The Dynamic Associations Between Cortical Thickness and General Intelligence are Genetically Mediated

Abstract

The neural substrates of intelligence represent a fundamental but largely uncharted topic in human developmental neuroscience. Prior neuroimaging studies have identified modest but highly dynamic associations between intelligence and cortical thickness (CT) in childhood and adolescence. In a separate thread of research, quantitative genetic studies have repeatedly demonstrated that most measures of intelligence are highly heritable, as are many brain regions associated with intelligence. In the current study, we integrate these 2 streams of prior work by examining the genetic contributions to CT-intelligence relationships using a genetically informative longitudinal sample of 813 typically developing youth, imaged with high-resolution MRI and assessed with Wechsler Intelligence Scales (IQ). In addition to replicating the phenotypic association between multimodal association cortex and language centers with IQ, we find that CT-IQ covariance is nearly entirely genetically mediated. Moreover, shared genetic factors drive the rapidly evolving landscape of CT-IQ relationships in the developing brain.

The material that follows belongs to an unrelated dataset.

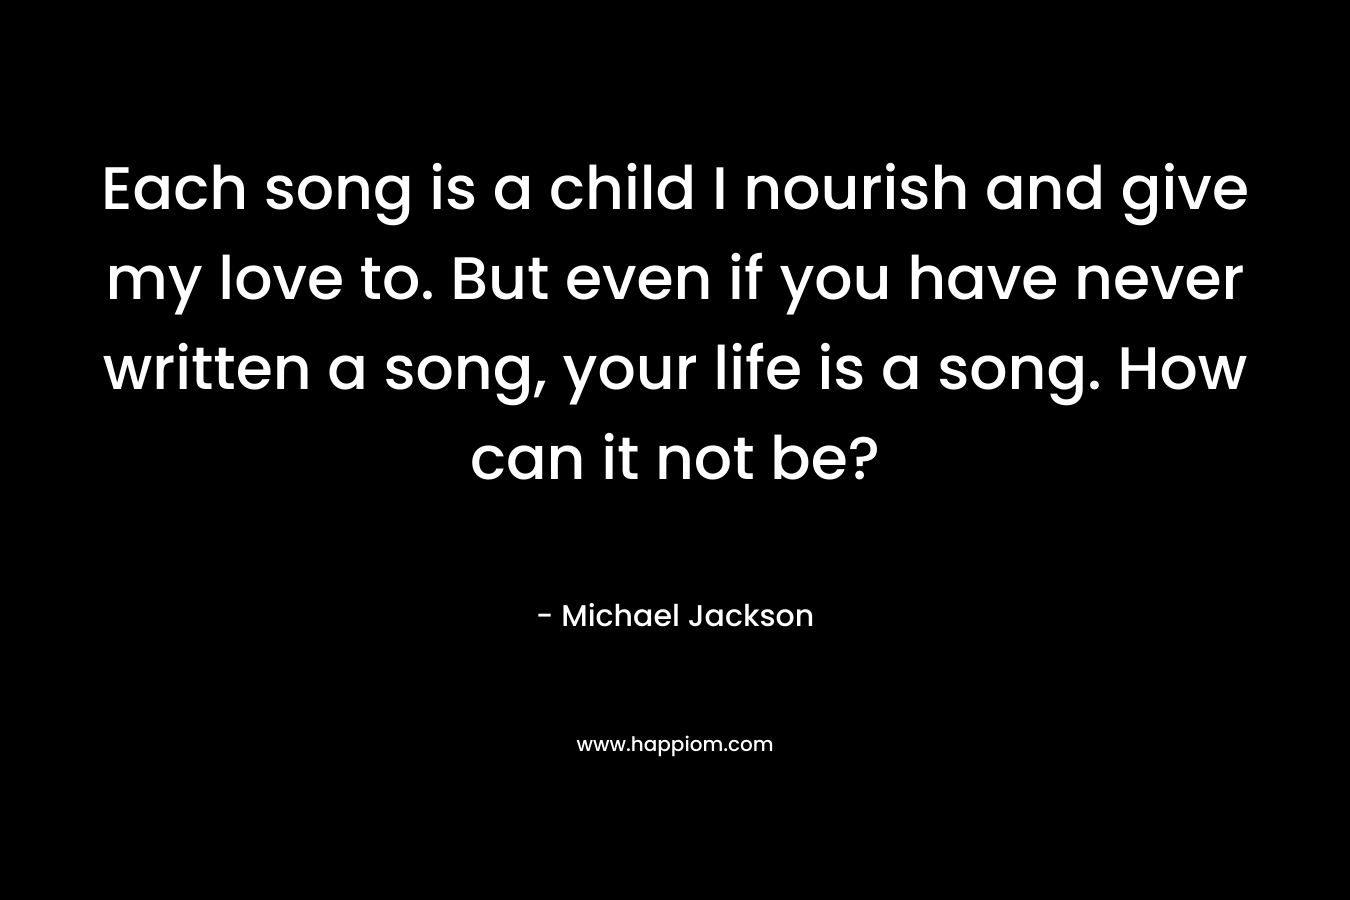 Each song is a child I nourish and give my love to. But even if you have never written a song, your life is a song. How can it not be?

Trial registration: ClinicalTrials.gov NCT00001246.

Keywords: MRI; cortical thickness; genetics; intelligence; neurodevelopment.

© The Author(s) 2019. Published by Oxford University Press. All rights reserved. For Permissions, please e-mail: journals.permissions@oup.com.

Figures

Figure 1.

Age distribution of the sample. Each point represents a high-resolution MRI, with connected points indicating data from the same subject. Subjects are color-coded based on study group (MZ = red, DZ = green, siblings of twins = blue, singletons = black).

Figure 2.

Simplified path diagram. Rectangles denote observed measures of full scale IQ and cortical thickness (measured at up to 8 timepoints), with circles indicating latent variables. Changes with time are modeled with a latent growth curves, allowing for both linear and nonlinear effects with age. Variance and CT–IQ covariance were decomposed into genetic (A), environmental (E), and error (ε) components. Paths in red were constrained to unity, green paths were defined as age at timepoint i, purple paths were set to age2 at timepoint i, and α represents the degree of kinship between 2 family members. The remaining paths were freely estimated. The paths in blue contribute to genetically mediated CT–IQ covariance. While only 2 related individuals are shown, the model included up to 5 members per family.

Figure 3.

FDR-corrected probability maps of CT–IQ covariance. Main effects of phenotypic, genetic, and environmental factors on CT–IQ covariance, as well as effects of genetic and environmental factors on changes in covariance over time. Similar maps with discrete significance thresholds are also provided in Figure S1.

Figure 4.

Dynamic changes between cortical thickness and full scale IQ over childhood and adolescence. Maximum likelihood estimates of the phenotypic correlation (rP), genetic correlations (rG), and the genetic contribution to covariance (pcorG) shown for ages 6–17. Changes with time can be viewed dynamically in the Supplementary Movies. Additional views are also provided in Figure S1.

Figure 5.

Genetics of adult cortical thickness and cognition in the Human Connectome Project (HCP) dataset. Heritability of cortical thickness (a2) and corresponding FDR-corrected probability maps (pa2) are provided, as well as the genetic correlation (rG) and genetic contribution to covariance (pcorG) between cortical thickness and the NIH Toolbox construct of total cognition; genetic covariances were not statistically significant after correction for multiple testing.